### THE PROBLEM
In the records below, find the line containing "Soldados e bombeiros" and the line containing "긴팔 티셔츠 상품상세 이미지-S1L17"; please repeat exactly the lines from one to the other, both included, and nothing more.

### DATA FOR THE TASK

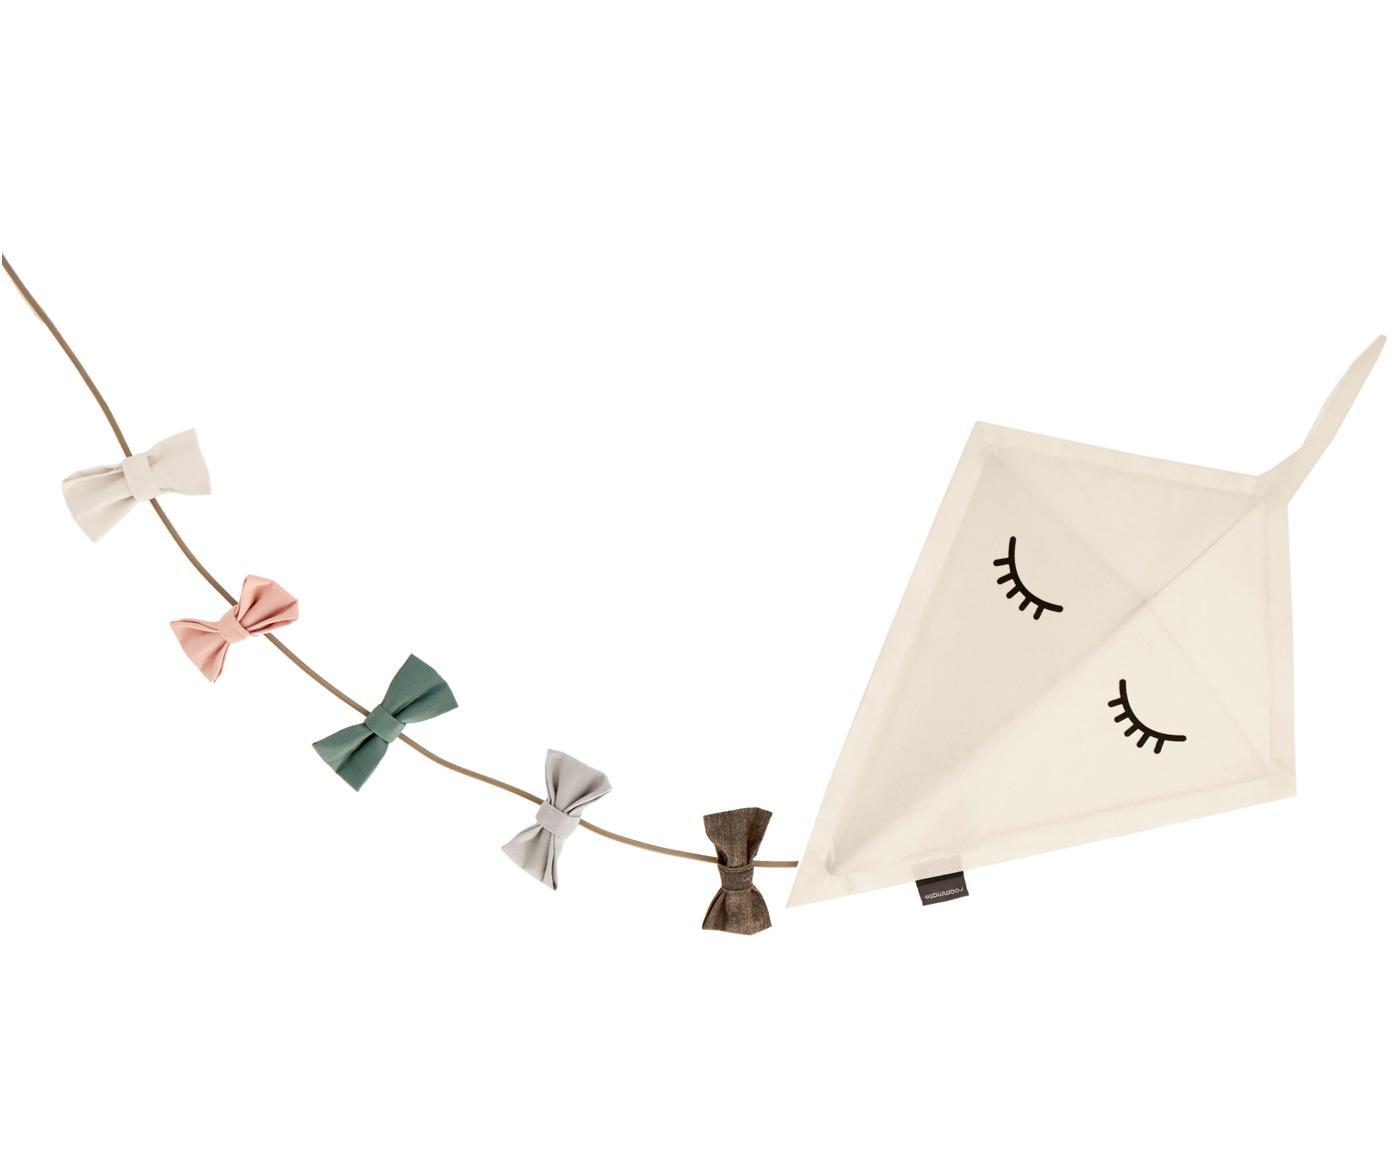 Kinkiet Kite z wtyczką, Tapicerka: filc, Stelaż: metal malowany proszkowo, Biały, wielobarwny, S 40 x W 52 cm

--

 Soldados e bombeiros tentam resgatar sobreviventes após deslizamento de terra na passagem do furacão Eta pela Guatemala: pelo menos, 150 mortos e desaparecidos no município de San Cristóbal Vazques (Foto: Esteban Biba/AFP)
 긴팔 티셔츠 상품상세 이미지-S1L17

### RESULT OF THE EXERCISE
 Soldados e bombeiros tentam resgatar sobreviventes após deslizamento de terra na passagem do furacão Eta pela Guatemala: pelo menos, 150 mortos e desaparecidos no município de San Cristóbal Vazques (Foto: Esteban Biba/AFP)
 긴팔 티셔츠 상품상세 이미지-S1L17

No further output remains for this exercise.